* [What the task asks]: Once you have located the line containing "Foodbank support | Asda Tain" in the material below, return it exactly along with each line after it through the line containing "Mens Skechers Memory".

* [Data for this task]:
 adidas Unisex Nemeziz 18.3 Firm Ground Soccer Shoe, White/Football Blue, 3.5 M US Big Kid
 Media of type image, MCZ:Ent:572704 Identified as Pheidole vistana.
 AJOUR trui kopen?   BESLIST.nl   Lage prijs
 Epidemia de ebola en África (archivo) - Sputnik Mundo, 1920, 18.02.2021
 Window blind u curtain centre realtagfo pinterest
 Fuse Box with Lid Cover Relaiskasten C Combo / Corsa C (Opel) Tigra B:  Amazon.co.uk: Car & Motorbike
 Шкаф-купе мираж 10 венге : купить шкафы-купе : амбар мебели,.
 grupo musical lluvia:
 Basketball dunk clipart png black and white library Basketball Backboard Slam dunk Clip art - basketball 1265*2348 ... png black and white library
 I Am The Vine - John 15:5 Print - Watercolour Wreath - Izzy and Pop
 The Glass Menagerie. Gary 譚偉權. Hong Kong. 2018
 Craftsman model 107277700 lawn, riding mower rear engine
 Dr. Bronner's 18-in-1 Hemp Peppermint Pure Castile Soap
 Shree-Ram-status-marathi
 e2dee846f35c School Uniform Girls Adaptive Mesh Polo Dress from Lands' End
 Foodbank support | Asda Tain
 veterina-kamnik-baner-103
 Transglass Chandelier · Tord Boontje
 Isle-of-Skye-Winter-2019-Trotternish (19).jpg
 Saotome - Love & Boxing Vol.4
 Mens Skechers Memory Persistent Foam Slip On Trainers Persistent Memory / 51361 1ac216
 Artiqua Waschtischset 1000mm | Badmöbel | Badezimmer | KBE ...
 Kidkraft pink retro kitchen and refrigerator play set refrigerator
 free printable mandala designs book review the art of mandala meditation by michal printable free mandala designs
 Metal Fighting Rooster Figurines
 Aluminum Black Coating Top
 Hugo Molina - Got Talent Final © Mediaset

* [Result]:
 Foodbank support | Asda Tain
 veterina-kamnik-baner-103
 Transglass Chandelier · Tord Boontje
 Isle-of-Skye-Winter-2019-Trotternish (19).jpg
 Saotome - Love & Boxing Vol.4
 Mens Skechers Memory Persistent Foam Slip On Trainers Persistent Memory / 51361 1ac216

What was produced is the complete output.